This is an Open Access book.
Interprofessional communication remains both under-theorized and under-researched in healthcare contexts. This book aims to fill that gap by offering practitioners, policy makers, interprofessional curriculum builders, and students in the health professions a broadened theoretical understanding and rich empirical examples of interprofessional communication across a range of health and social care contexts. Importantly, this means opening the black box of what it means for interprofessional collaboration to be “effective,” in particular, for complex, collective practices that rely on shared meanings and accountabilities. Divided into three parts, the book brings together the practical and conceptual expertise of scholars and practitioners from the fields of communication, interprofessional education, health and human sciences, and healthcare management.

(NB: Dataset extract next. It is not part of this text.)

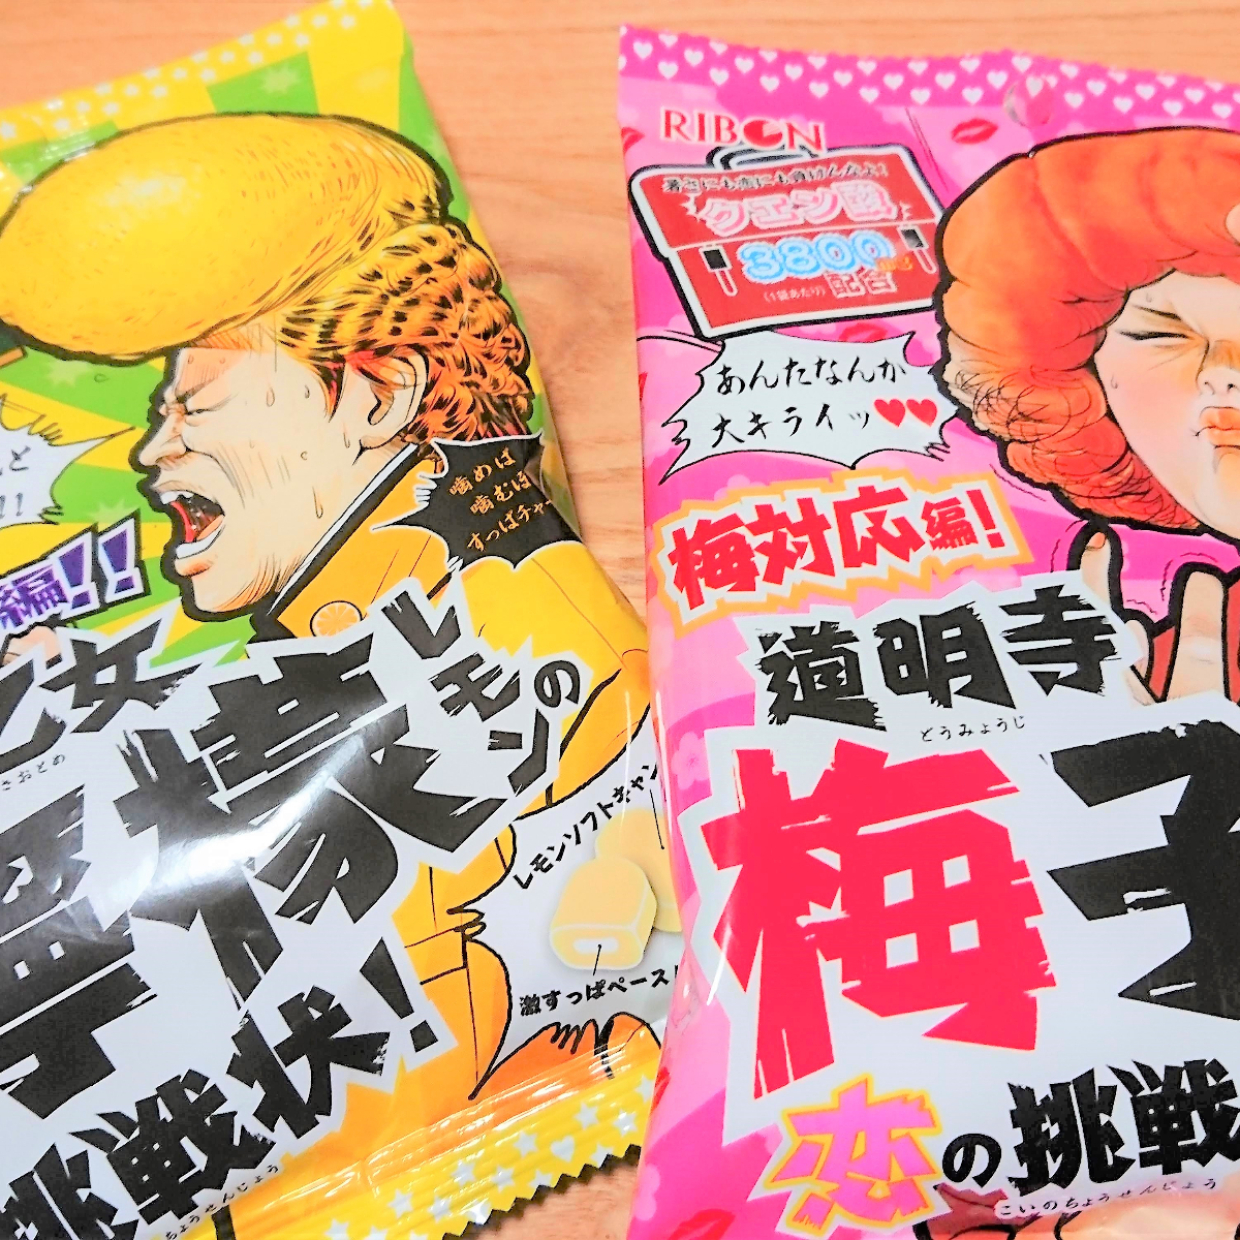  【ダイソー】「道明寺梅子の恋の挑戦状」と「早乙女檸檬の挑戦状」という謎のキャンディを買ってみた

Stephanie Fox has studied interprofessional communication and collaboration in healthcare contexts for over 15 years. Her work focuses on collective sensemaking, narrative, leadership, team communication, and the navigation of professional hierarchies in collaborative interactions.
Kirstie McAllum’s research focuses on patterns of collaborative and conflict-laden communication when groups with varied or contested professional statuses work together (e.g., volunteers/paid staff; family caregivers/healthcare professionals; frontline personal careworkers/healthcare workers with specialist training).
Leena Mikkola has studied interpersonal communication both in client-provider and workplace relationships in social and health care contexts for over 15 years. Recently, her research interest has been in health care management teams and interprofessional health care teams.